Today President Medvedev made Anatoliy Ivanovich Antonov Deputy Defense Minister for International Military Cooperation.  He’ll bear responsibility for organizing and conducting the Ministry’s contacts with foreign military departments.  Kremlin.ru notes Antonov was one of the negotiators for the new Treaty on Strategic Offensive Arms.  Medvedev said Antonov’s experience in this successful negotiating process will enable him to fulfill his new duties effectively.

Anatoliy Antonov

PIR-Tsentr’s short biography of Ambassador Antonov says he’s been serving as Director of the Foreign Ministry’s Security and Disarmament Issues Department.  He was born in 1955.  In 1978, he graduated the USSR Foreign Ministry’s Moscow State Institute of International Relations (MGIMO or МГИМО).  In 1983, he completed graduate study at the same institution.  Antonov’s worked in the Foreign Ministry since 1978.  He’s headed government delegations in G8, NPT, Inhumane Weapons Convention, and multilateral export control negotiations.  He’s a member of the U.N. Secretary General’s Consultative Council on Disarmament.

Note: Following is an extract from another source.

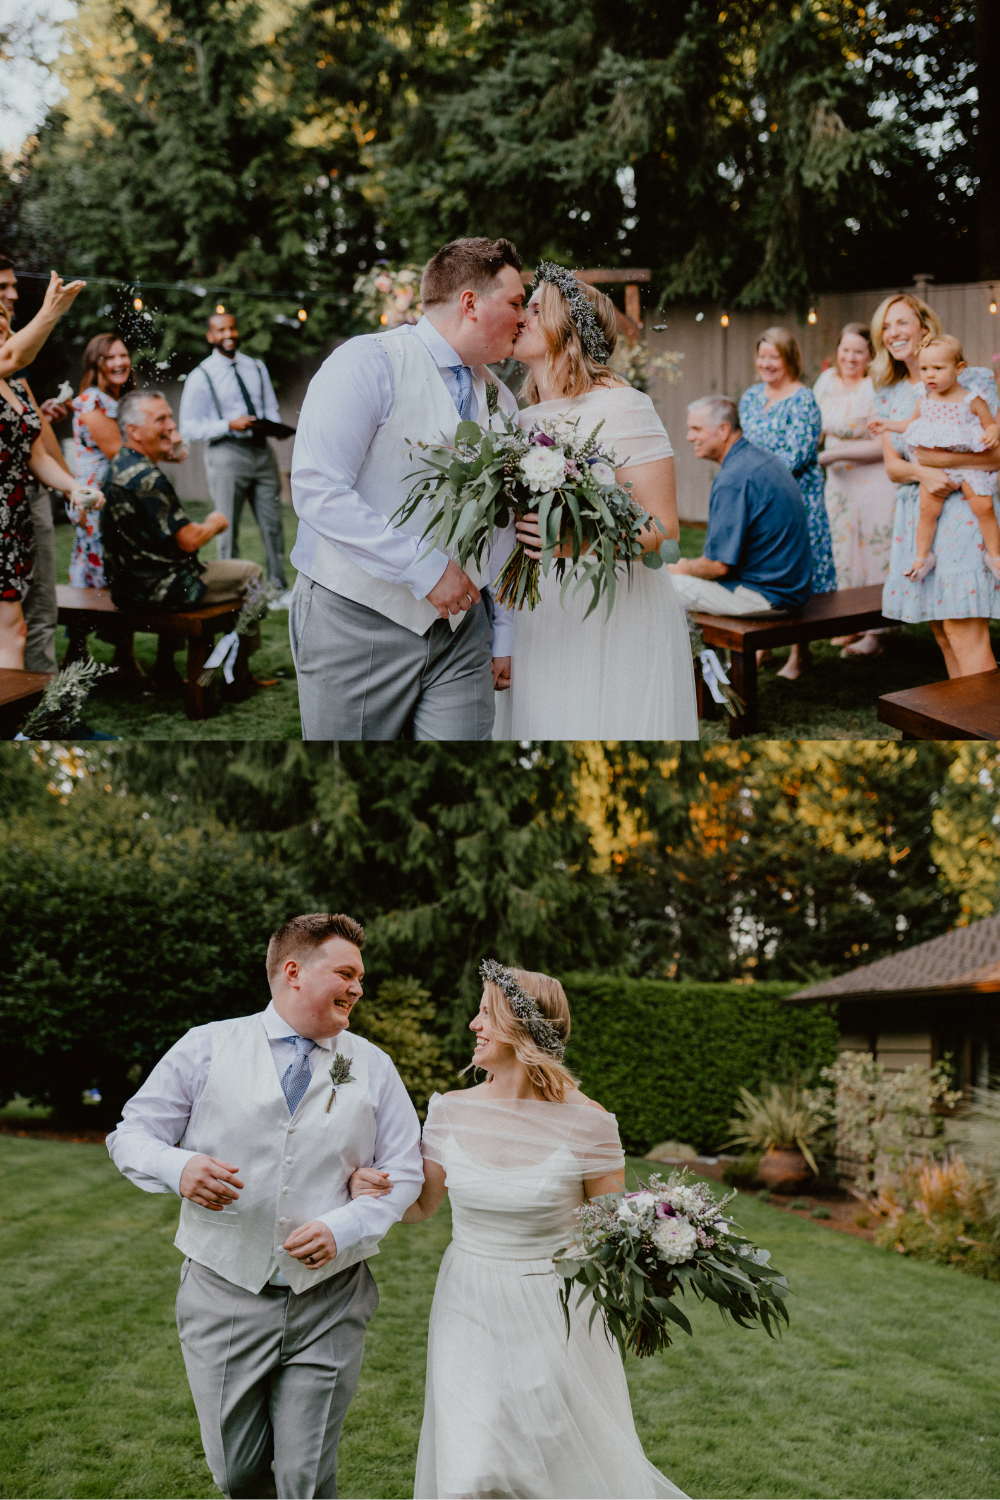 Bride and Groom kiss after exchanging their vows in intimate backyard elopement ceremony, backyard wedding ideas | Seattle Wedding Photographer, Seattle Elopement Photographer | chelseaabril.com

In mid-2007, Antonov helped then-President Putin unveil his offer to use Russia’s Gabala and Armavir radars in NATO missile defense, according to Novosti KM.RU.

Antonov makes nine deputies to Serdyukov; a tenth deputy slot for finance-economic work has been vacant since Vera Chistova’s departure in the fall.

Antonov’s quite different from his predecessors in this job.

International military cooperation seemed to fall off the Defense Ministry’s radar for a while after Anatoliy Serdyukov took over.  You may recall, former Main Directorate for International Military Cooperation (GU MVS) Chief, General-Colonel Anatoliy Mazurkevich fled the Defense Ministry when Serdyukov arrived.  GU MVS essentially disappeared from the military department’s organizational chart.

GU MVS’ roots stretch back to the General Staff’s old 10th Main Directorate, which had a long history of involvement in arranging arms sales and providing military advisors and training to Soviet client states in the bad old days.